I sat up straighter.
“And Mr. Guest, he wants to talk to you,” Canelli was saying. “He insists on talking to you, if you want to know the truth. Or, at least, he wants to talk to whoever’s in charge, whoever calls the shots. So I—you know—I thought I should at least fill you in, before you talk to him. I mean, he’s what you’d call a pretty powerful personality.”
“Are you on the scene now?”
“Yessir. I’ve been here for almost an hour.”
“Can you talk?”
“Yessir.”
“What’s it look like to you?”
“Well, it looks like Quade was inside the house, guarding the premises. And it looks like someone might’ve broken in, although I didn’t see anything jimmied, or anything. But, anyhow, shots were fired, no question about that. Several shots.”
“Do you have a suspect?”
“Well—” He hesitated. “Not really.”
“What’s that mean?”
“Well, Mr. Guest, he thinks he knows who did it. But I thought I should talk to you before I acted on his information. I mean, I figured I’d be exceeding my authority, see, if I—”
“Is Mr. Guest there now?”
“He’s upstairs, Lieutenant. In his bedroom. I’m down in the kitchen. Like I say, he wants to talk to you, privately—or, anyhow, someone in command, like I said. So that’s why I—”
“Let me talk to him.”
“Yessir. I’ll go tell him.”
“When we’re finished talking, you come back on the line.”

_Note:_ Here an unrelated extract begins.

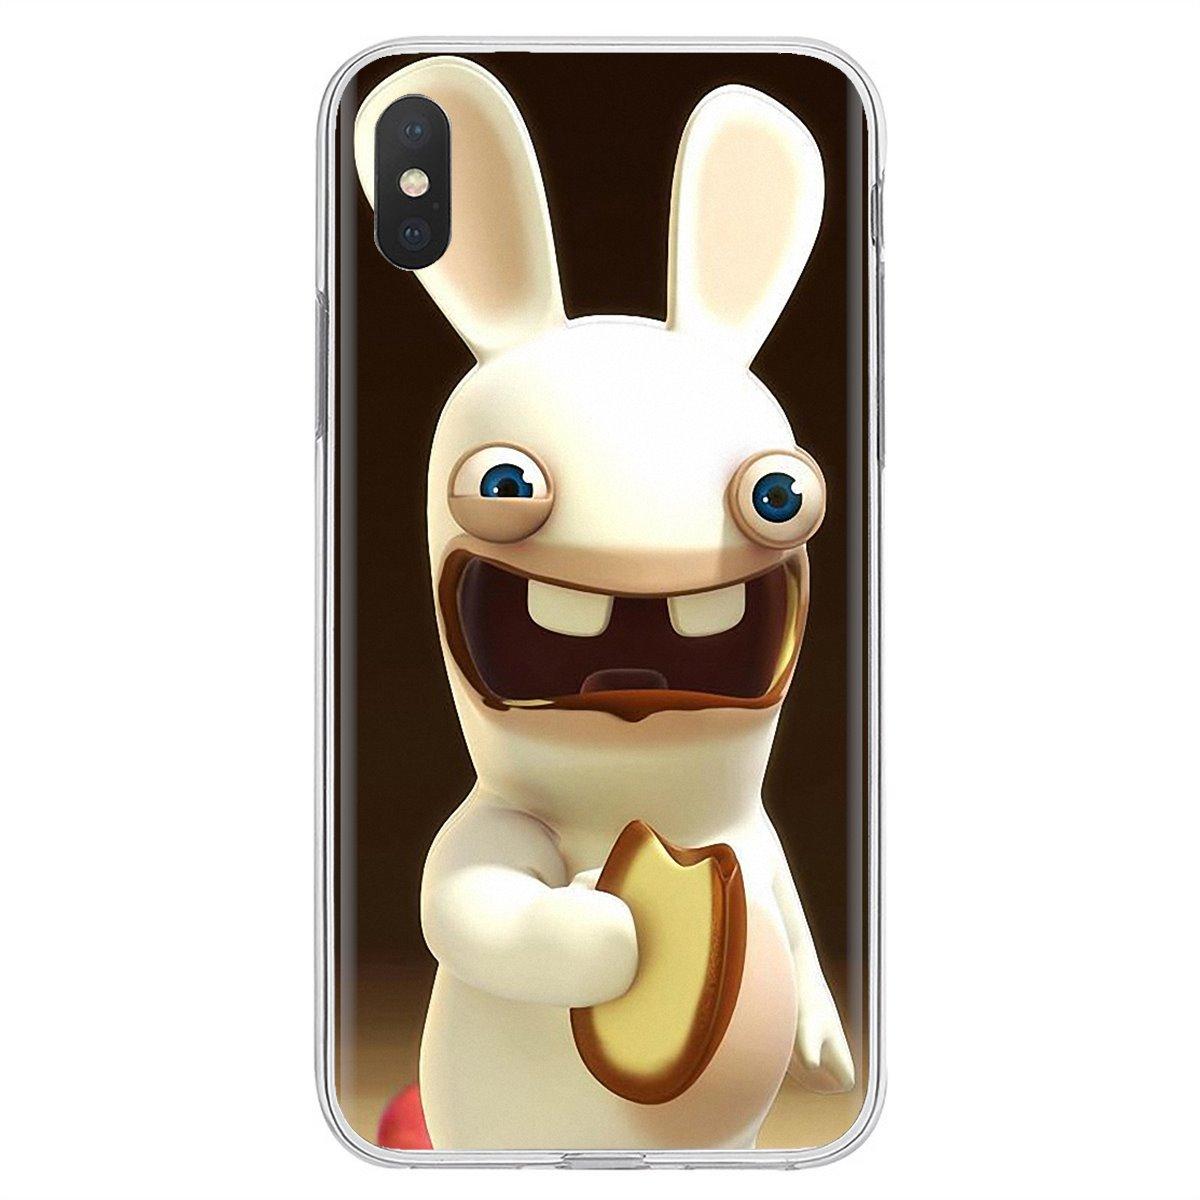 Rabbids lapin cretino naruto dibujos animados para Huawei Nova 2 3 2i 3i Y6 Y7 Y9 primer Pro GR3 GR5 2017, 2018 de 2019 Y5II Y6II suave funda de piel
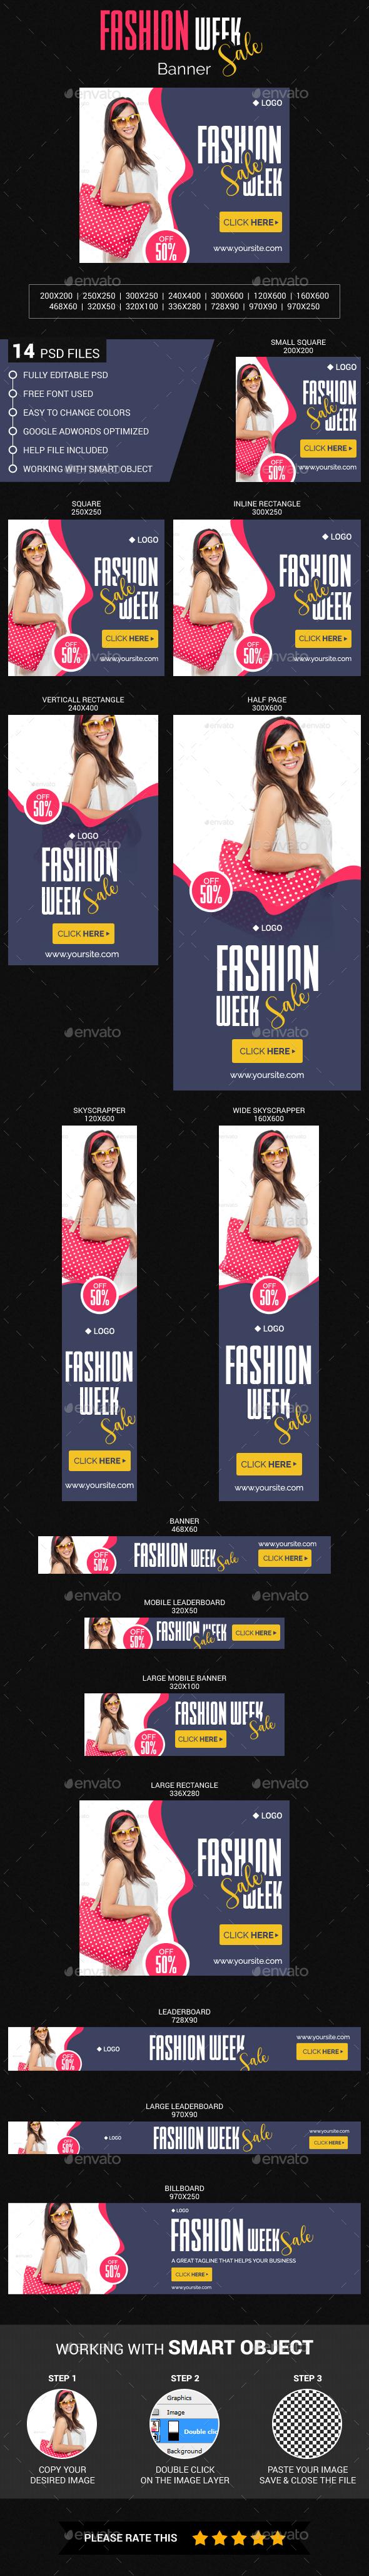 Fashion Week Sale - Banners & Ads Web Elements

“Yessir.” The line clicked dead. I looked at the antique brass-and-glass clock on the mantelpiece, one of Ann’s heirlooms. The time was 2:35
A.M
. Would I have to get dressed and go to work? With no sleep? At the thought, I realized that I was slowly, hopelessly shaking my head. The answer to the question was grimly self-evident. A homicide that involved Alexander Guest couldn’t be handled over the phone.
“Lieutenant Hastings?” The voice in my ear was brisk, crisply authoritative.
“Mr. Guest.”
“That’s correct, sir. Has Inspector Canelli filled you in?”
“To some extent. He wanted me to talk to you. He says you’ve got a suspect.”
“I do. Definitely. Are you coming here?”
To myself, I sighed. “Yessir, I am. But Inspector Canelli thought I should talk to you first. He says that—”
“He was right, of course. Superficially, he looks like a bumbler. But, watching him work, it’s apparent that he knows his job.”